Re: Corruption during WAL replay

Поиск
Список
Период
Сортировка
От Heikki Linnakangas
Тема Re: Corruption during WAL replay
Дата
Msg-id 7555d464-5bf7-7d6f-febd-0df9bcffe2a7@iki.fi
обсуждение исходный текст
Ответ на Re: Corruption during WAL replay  (Teja Mupparti <tejeswarm@hotmail.com>)
Ответы Re: Corruption during WAL replay  (Andres Freund <andres@anarazel.de>)
Список pgsql-hackers
On 14/04/2020 22:04, Teja Mupparti wrote:
> Thanks Kyotaro and Masahiko for the feedback.
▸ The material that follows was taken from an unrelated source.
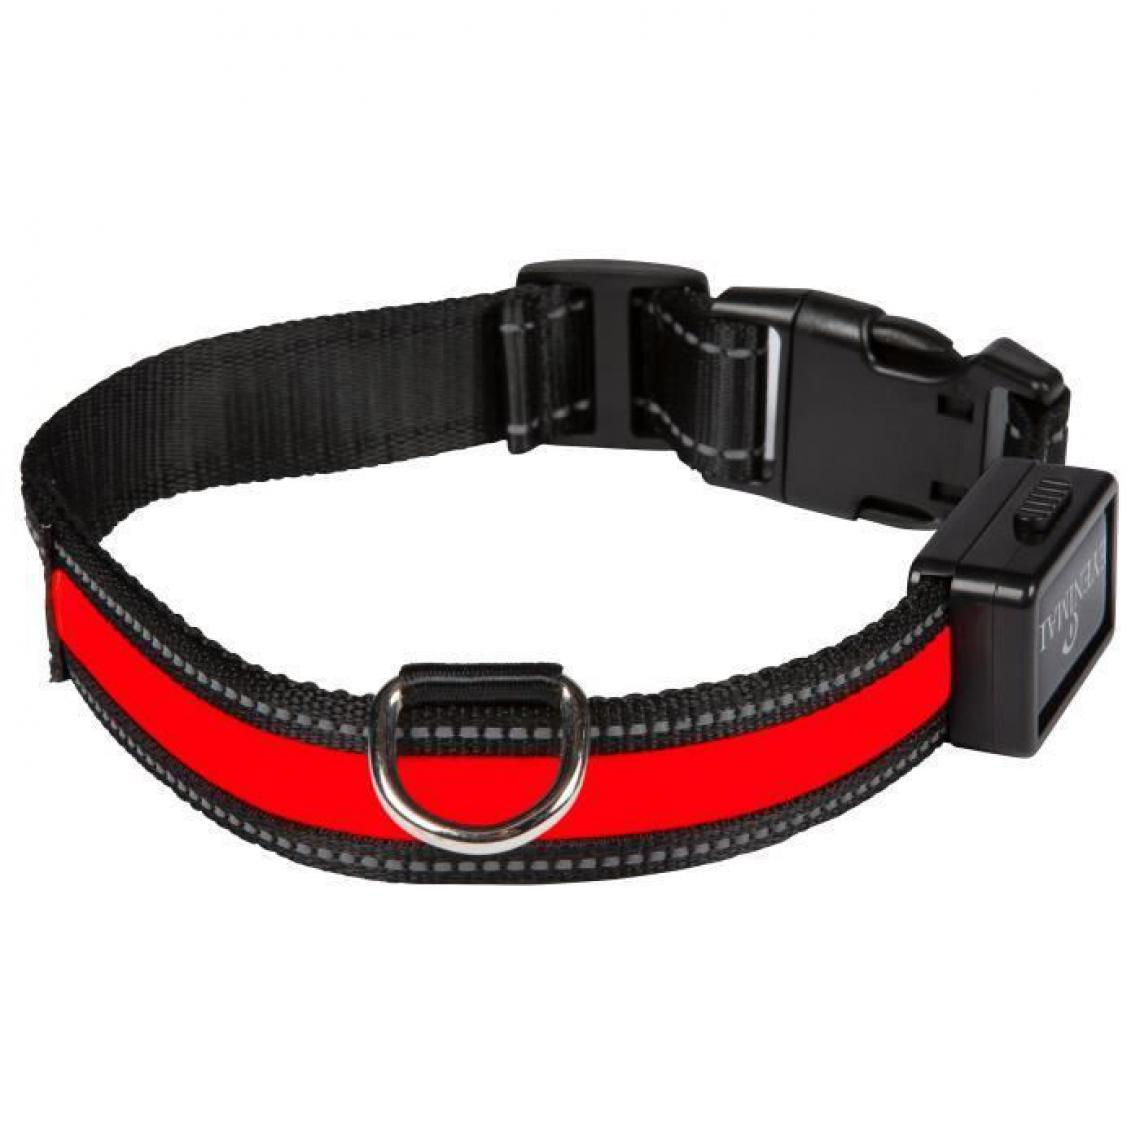 Eyenimal - EYENIMAL Collier lumineux Light Collar USB rechargeable S - Rouge - Pour chien - Collier pour chien

I think there is a 
> consensus on the critical-section around truncate,

+1

> but I just want to emphasize the need for reversing the order of the
> dropping the buffers and the truncation.
> 
>   Repro details (when full page write = off)
> 
>           1) Page on disk has empty LP 1, Insert into page LP 1
>           2) checkpoint START (Recovery REDO eventually starts here)
>           3) Delete all rows on the page (page is empty now)
>           4) Autovacuum kicks in and truncates the pages
>                   DropRelFileNodeBuffers - Dirty page NOT written, LP 1 
> on disk still empty
>           5) Checkpoint completes
>           6) Crash
>           7) smgrtruncate - Not reached (this is where we do the 
> physical truncate)
> 
>   Now the crash-recovery starts
> 
>           Delete-log-replay (above step-3) reads page with empty LP 1 
> and the delete fails with PANIC (old page on disk with no insert)
> 
> Doing recovery, truncate is even not reached, a WAL replay of the 
> truncation will happen in the future but the recovery fails (repeatedly) 
> even before reaching that point.

Hmm. I think simply reversing the order of DropRelFileNodeBuffers() and 
truncating the file would open a different issue:

   1) Page on disk has empty LP 1, Insert into page LP 1
   2) checkpoint START (Recovery REDO eventually starts here)
   3) Delete all rows on the page (page is empty now)
   4) Autovacuum kicks in and starts truncating
   5) smgrtruncate() truncates the file
   6) checkpoint writes out buffers for pages that were just truncated 
away, expanding the file again.

Your patch had a mechanism to mark the buffers as io-in-progress before 
truncating the file to fix that, but I'm wary of that approach. Firstly, 
it requires scanning the buffers that are dropped twice, which can take 
a long time. I remember that people have already complained that 
DropRelFileNodeBuffers() is slow, when it has to scan all the buffers 
once. More importantly, abusing the BM_IO_INPROGRESS flag for this seems 
bad. For starters, because you're not holding buffer's I/O lock, I 
believe the checkpointer would busy-wait on the buffers until the 
truncation has completed. See StartBufferIO() and AbortBufferIO().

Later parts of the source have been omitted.